It has been said by many on here (myself included) that Manwë was wrong to release Melkor. However, I have been reading the Sil., yet again, and have come to the conclusion that this view is incorrect. I am not defending Manwë in saying this as he, and the rest of the Valar, made earlier errors that led to it becoming necessary for Melkor's release and subsequent actions.

We know that the Valar abandoned Middle-earth after the destruction of the Isle of Almarin and allowed Melkor to do as he willed for a long time while they made themselves comfortable in the land of Aman. When the Elves awakened in Cuivienen and were discovered by Oromë Melkor had already created (or developed) many evil creatures that were abroad in the lands about their home.

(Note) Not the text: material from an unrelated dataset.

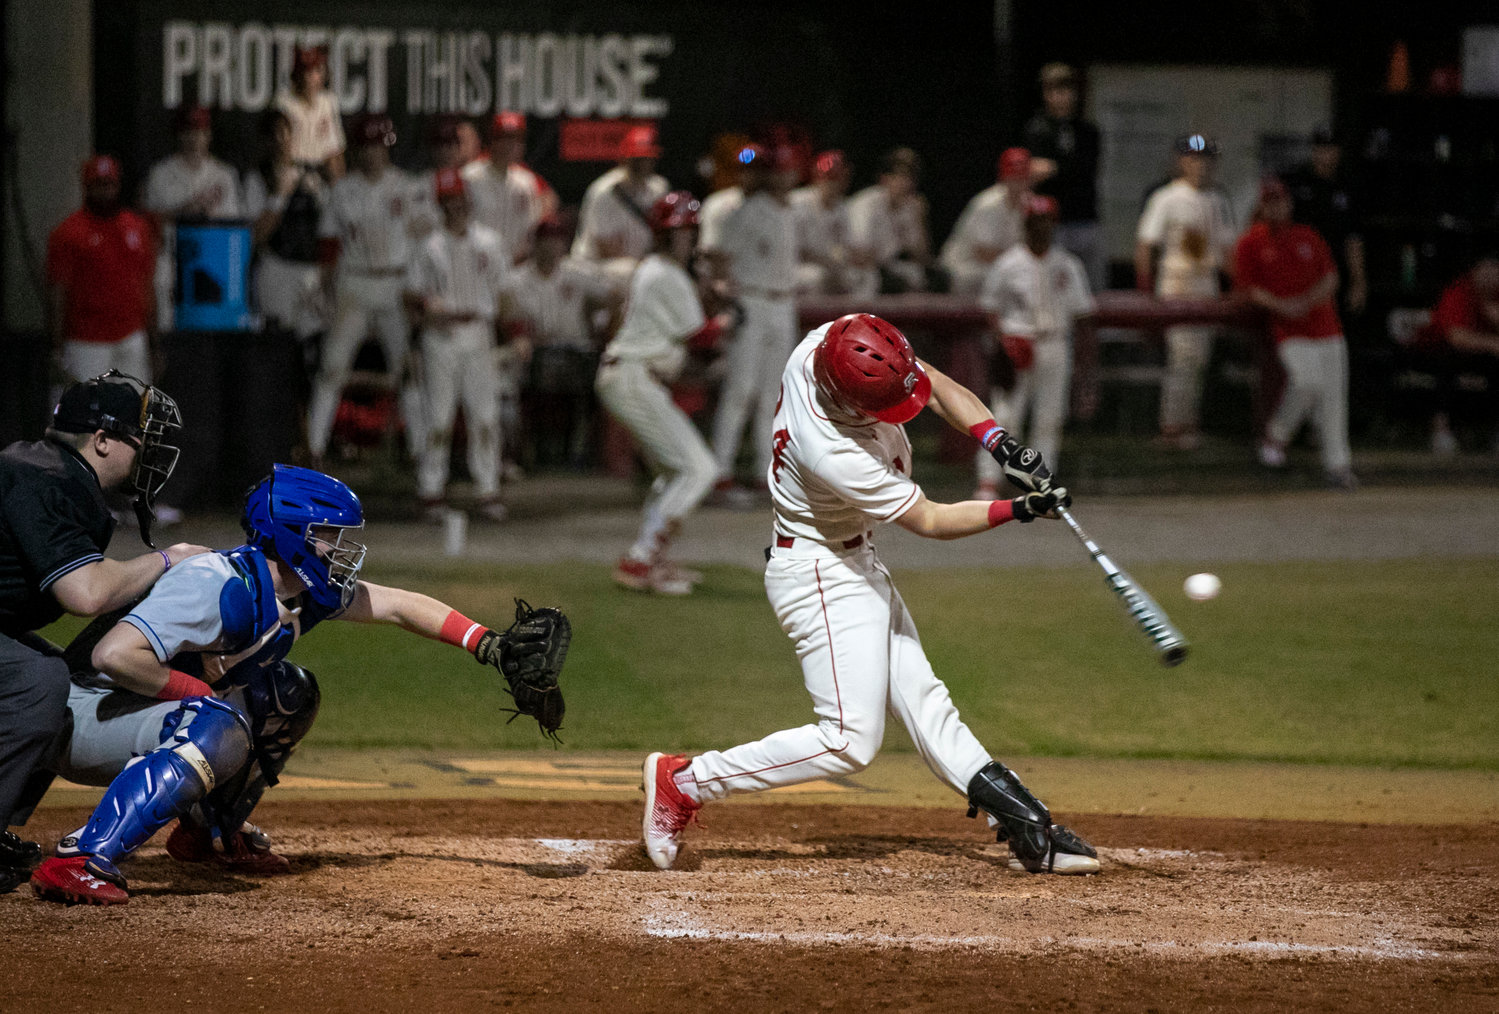 Spanish Fort’s Hayes Miller connects on a pitch during Opening Day festivities Thursday night at home. The Toros rallied for a 7-4 win to grab their first win in their first try.

When we look at the Quenta Silmarillion we find:
Manwë sat long in thought upon Taniquetil, and he sought the counsel of Ilúvatar.
And speaking to the rest of the Valar:
“ Then Manwë said to the Valar: 'This is the counsel of Ilúvatar in my heart: that we should take up again the mastery of Arda, at whatsoever cost, and deliver the Quendi from the shadow of Melkor.'

Chapter 3 Of the Coming of the Elves and the Captivity of Melkor
So The Valar themselves went forth and battled Melkor and his followers, defeated them and took Melkor prisoner to Aman for trial. This should have been the start of the Valar's re-ordering of Arda so as to clear the evil of Melkor and allow the Quendi to flourish in relative peace and prepare for the coming of Men. Instead they did all they could to drag the Quendi to Aman leaving all the evil creatures of Melkor free to roam and cause troubles for those of the Quendi that chose to remain where Eru placed them.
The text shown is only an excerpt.